Published in August 2025, Prof. Alex Tipei’s first book, Unintended Nations: French Liberals’ Empire of Civilization, Southeast Europe, and the Post-Napoleonic World (McGill-Queen’s University Press, 2025) is about a specific moment in the development of the concept of civilization and the cluster of discourses, institutions, and technologies connected to it — or what she refers to collectively as civilization-speak — as well as the cross-continental networks that employed these ideas as an organizing principle. She focuses on historical figures in France and the lands that make up significant parts of present-day Greece and Romania from the early Napoleonic era through the outbreak of the revolutions of 1848. She demonstrates how civilization-speak provided a discursive matrix that allowed French liberals to impose their model of modernity on Balkan actors and create informal colonies in the region through the exercise of soft power.

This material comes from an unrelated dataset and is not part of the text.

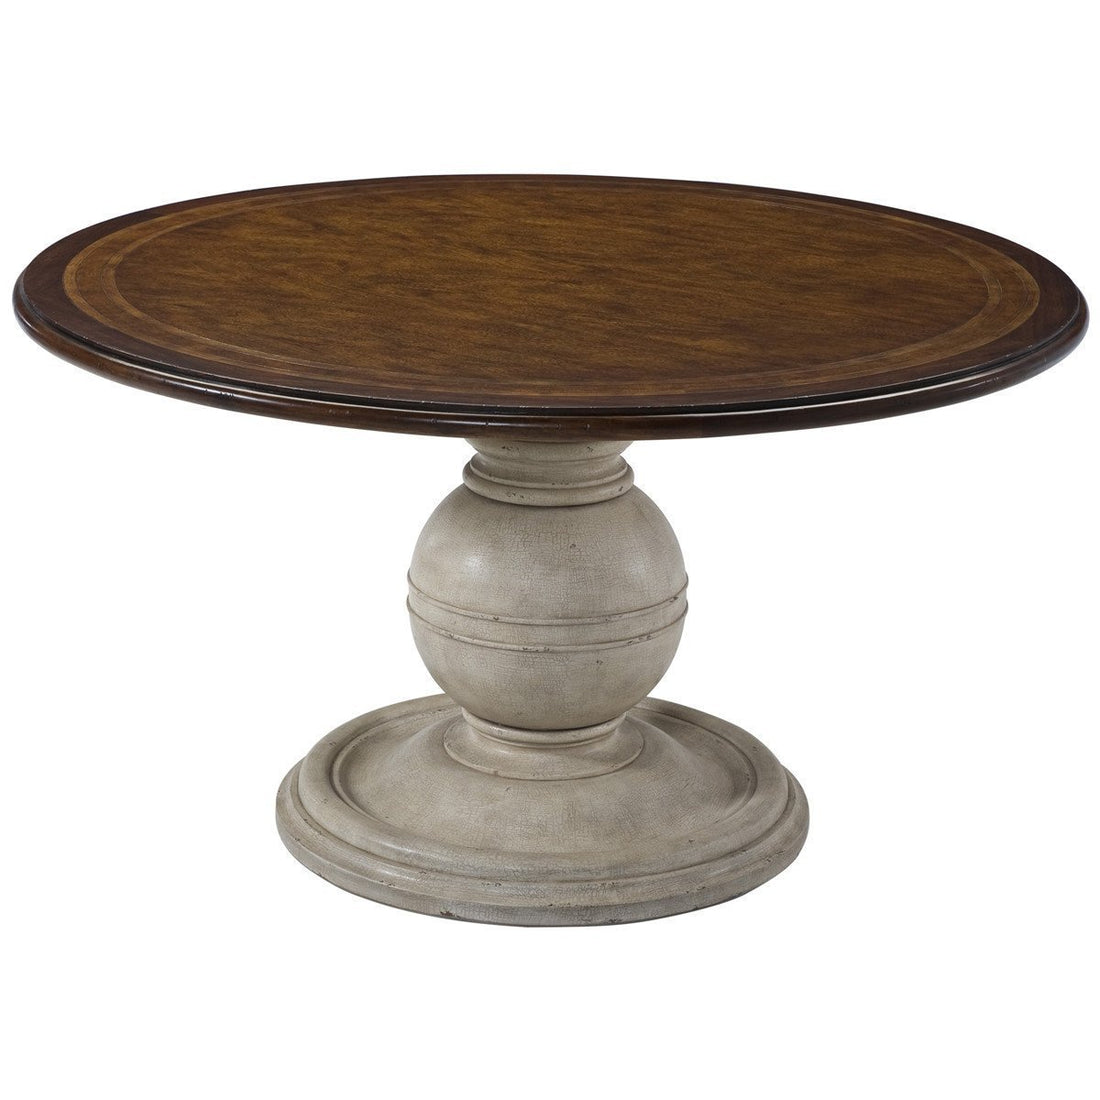 Theodore Alexander Brooksby Nicolet Dining Table

She reveals how international partnerships and domestic politics were interwoven in both France and Southeast Europe, notably presenting how these relationships and ideas helped to shape novel national identities and ideologies in the early Greek state as well as Wallachia and Moldavia (lands that would later form the core of modern Romania).
Biography:
A transnational historian of nineteenth-century Europe, Alex R. Tipei is a professor of history and international studies at the Université de Montréal. Her work has appeared in outlets such as Modern Intellectual History, European History Quarterly, and East European Politics and Societies. Before coming to UdeM, she taught or held fellowship positions at the Universities of Illinois and Bucharest as well as at McGill and Princeton Universities. She has received grants and fellowships from the Social Science and Humanities Research Council of Canada, the Fulbright Scholars’ Program, and the American Council of Learned Societies, among others. She trained in both the US and France and earned her doctorate at Indiana University–Bloomington.